### Exercise data

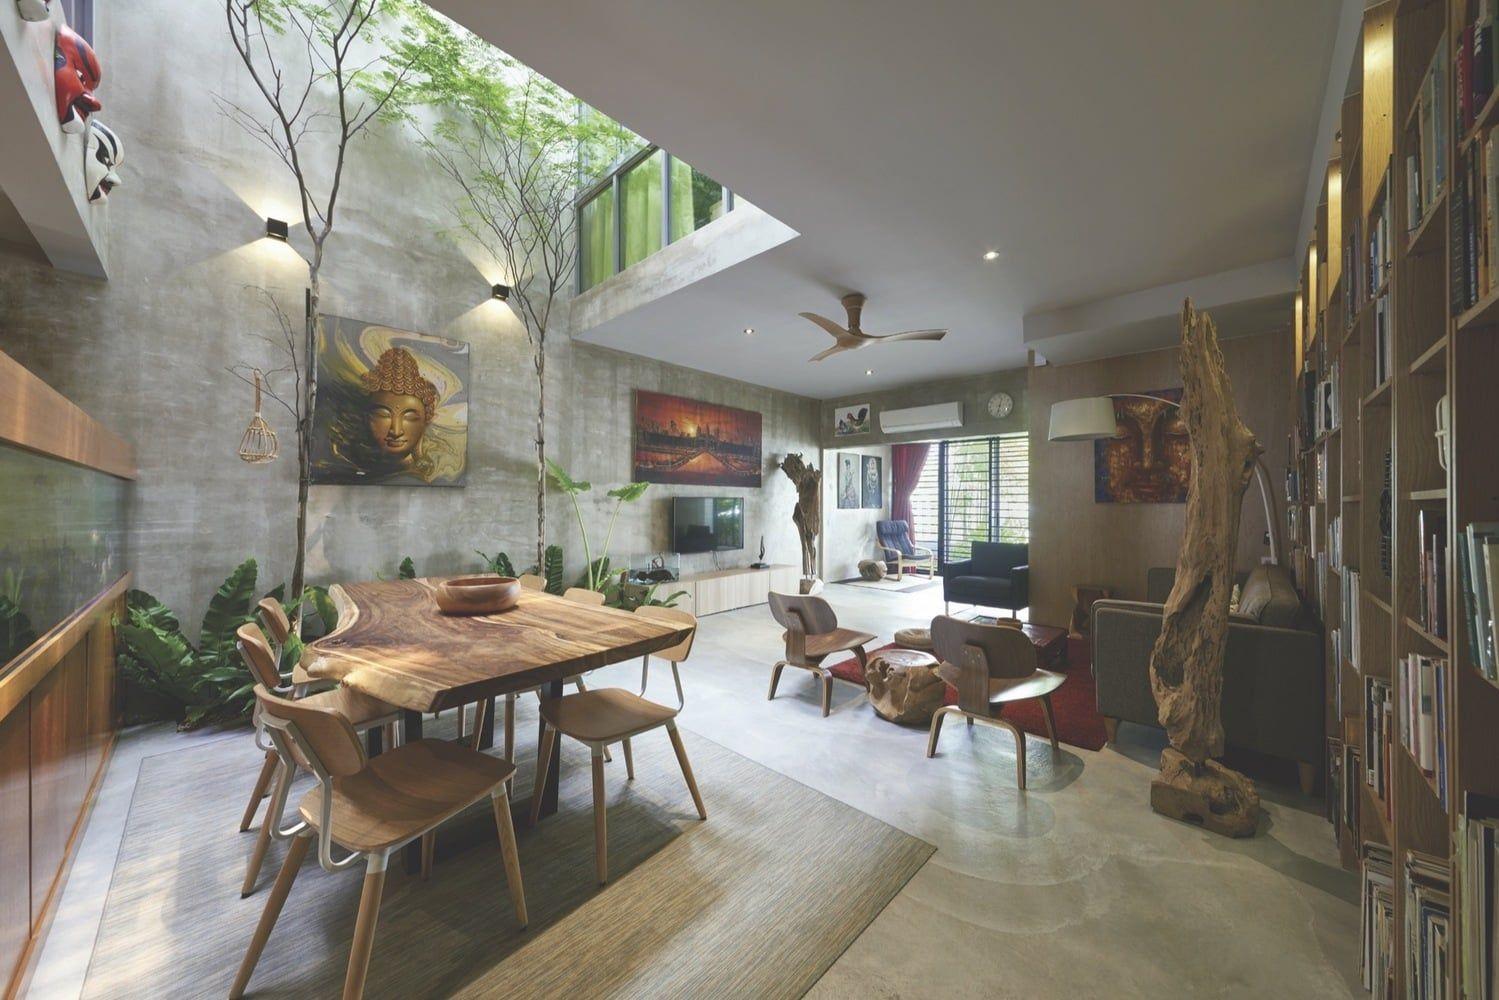 Modern industrial terrace house interior design in sungai buloh malaysia
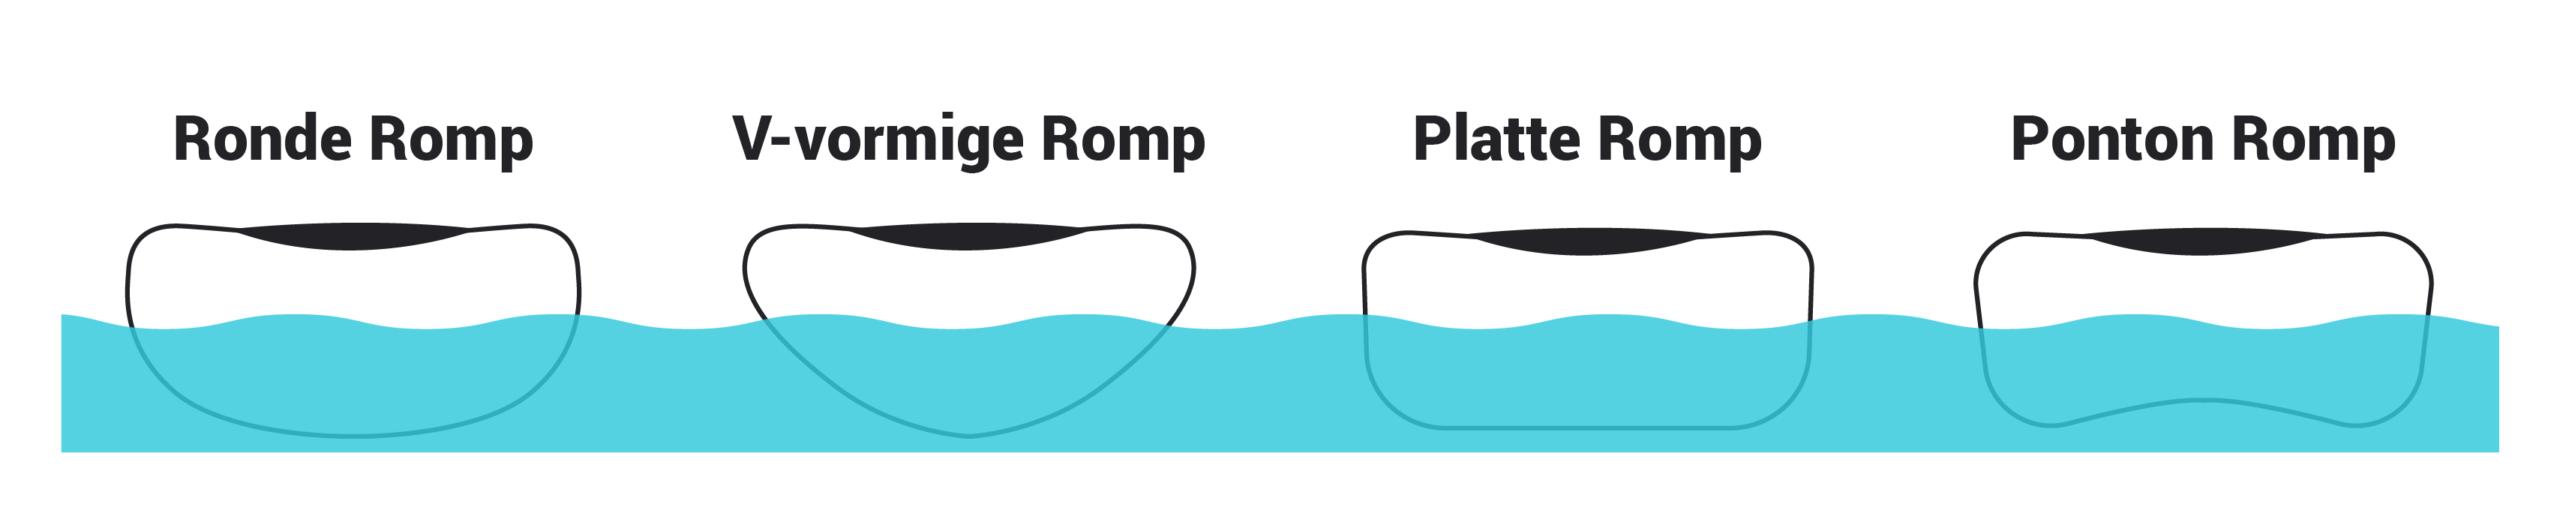 Kajak Rompvormen
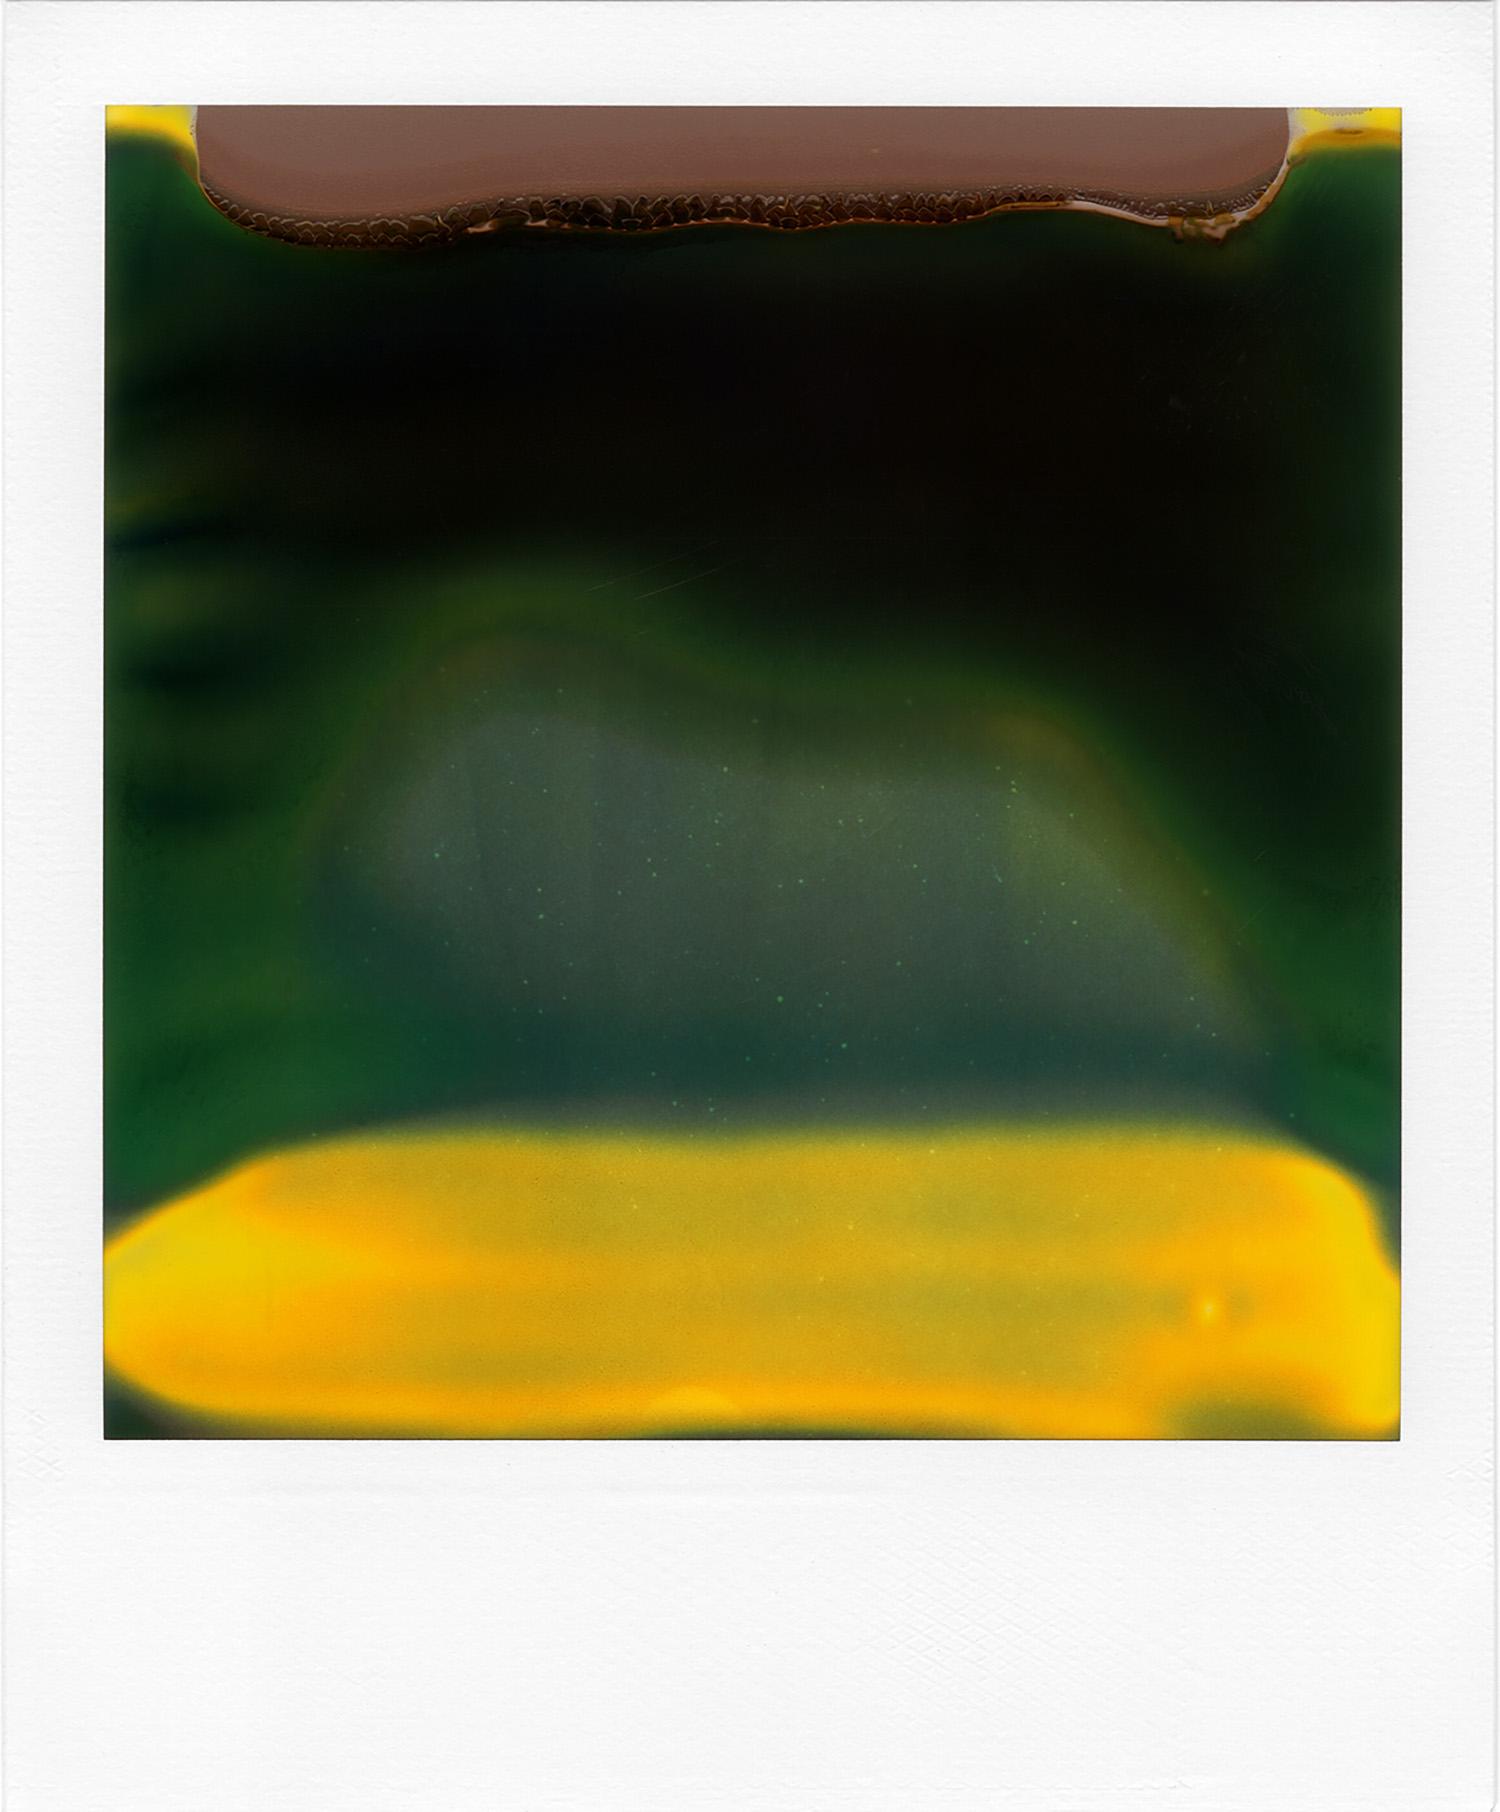 Ruined Polaroid #40, 2011
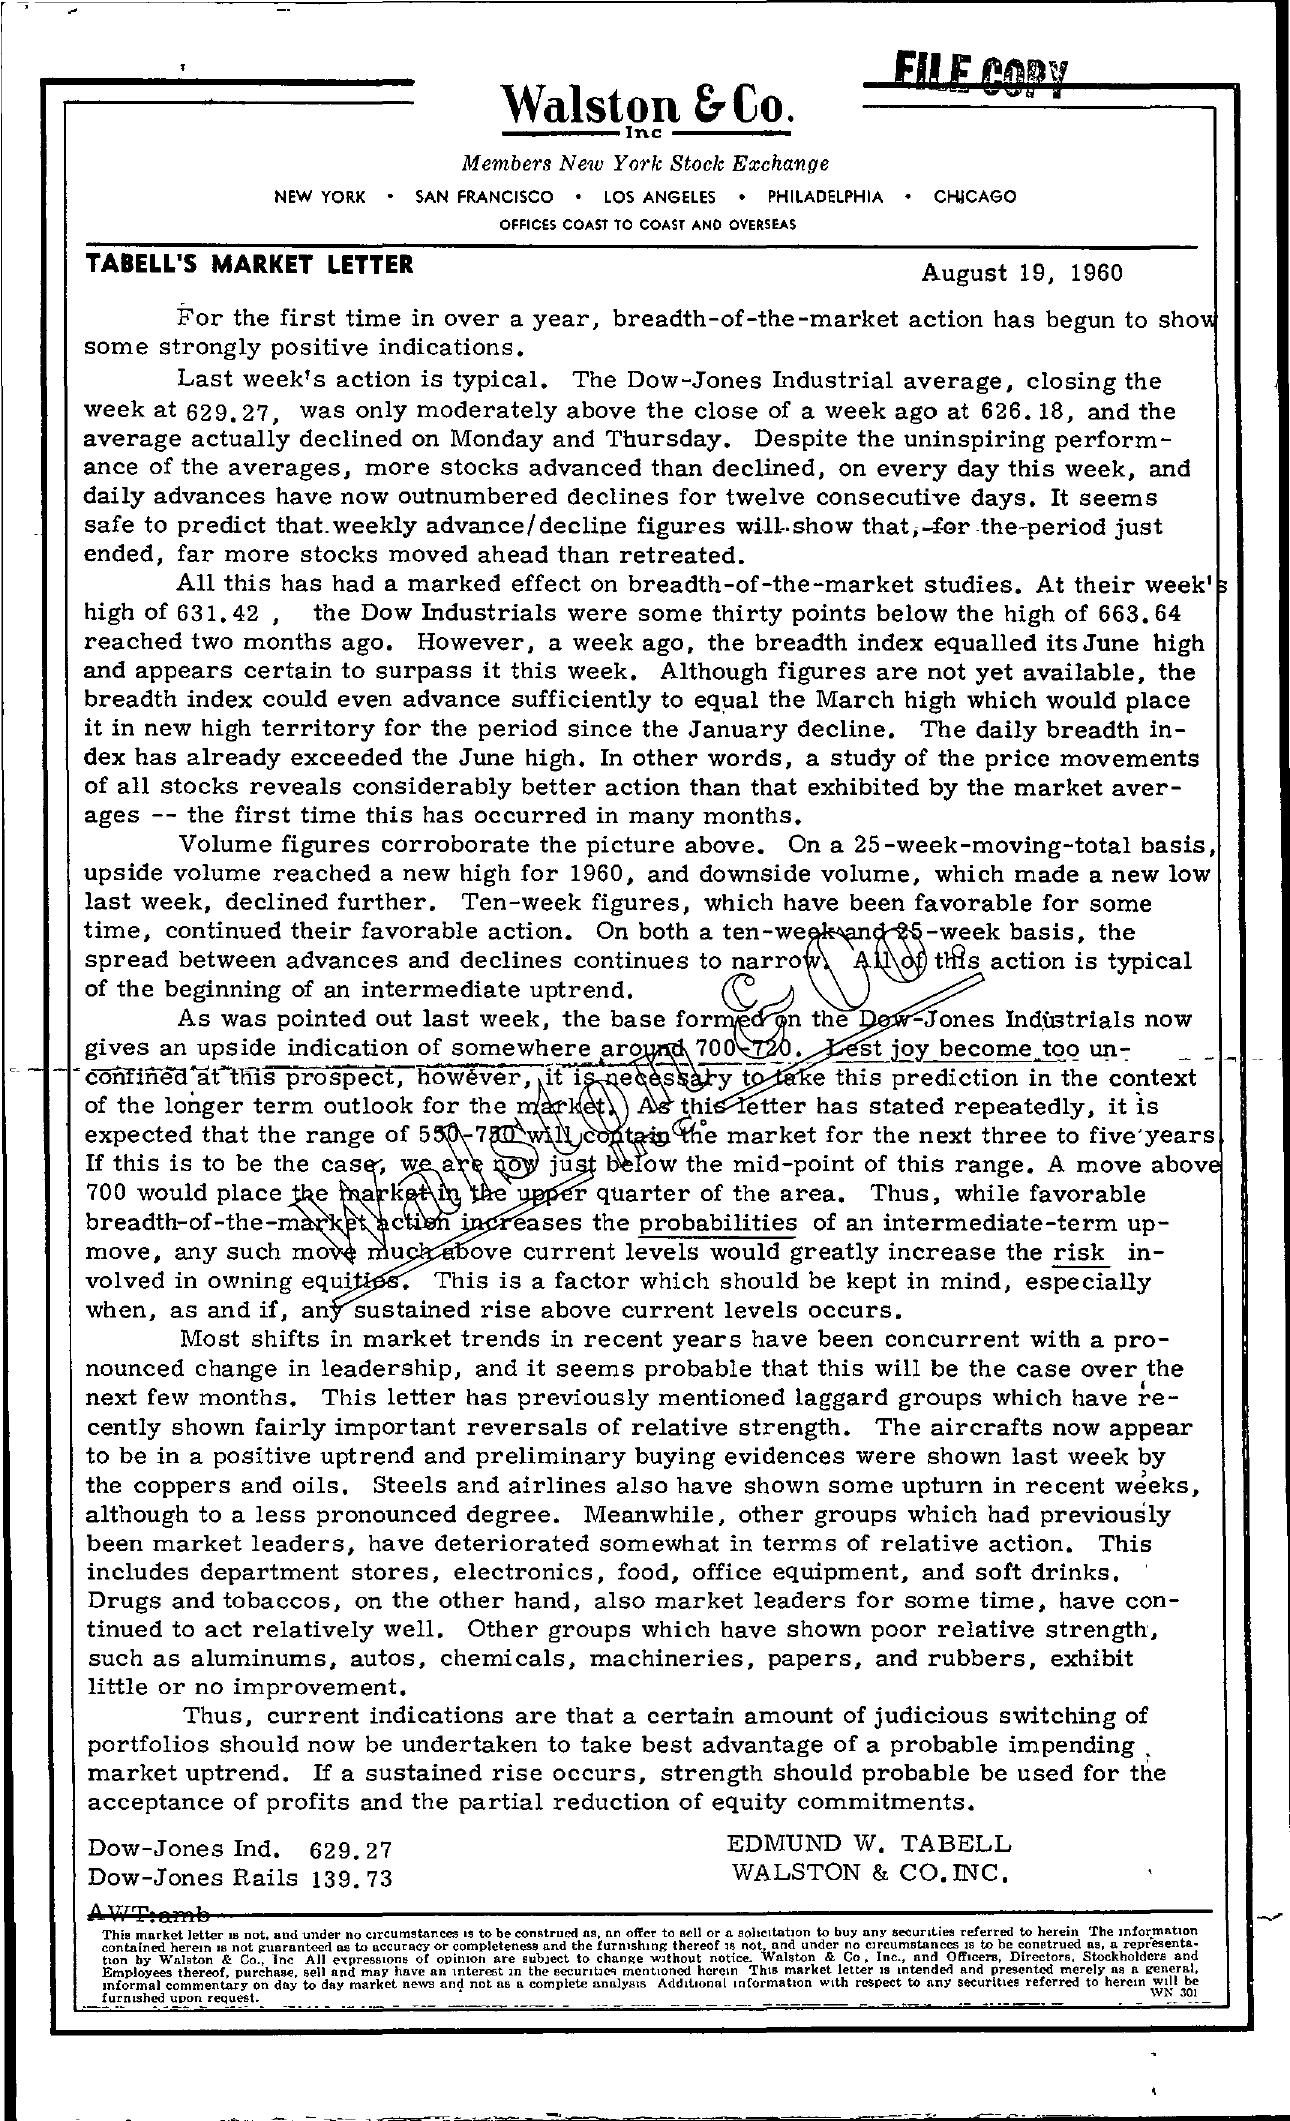 Tabell's Market Letter - August 19, 1960

### Exercise brief
Copy out the lines above unchanged. Skip the images.

### Written reply
 Modern industrial terrace house interior design in sungai buloh malaysia
 Kajak Rompvormen
 Ruined Polaroid #40, 2011
 Tabell's Market Letter - August 19, 1960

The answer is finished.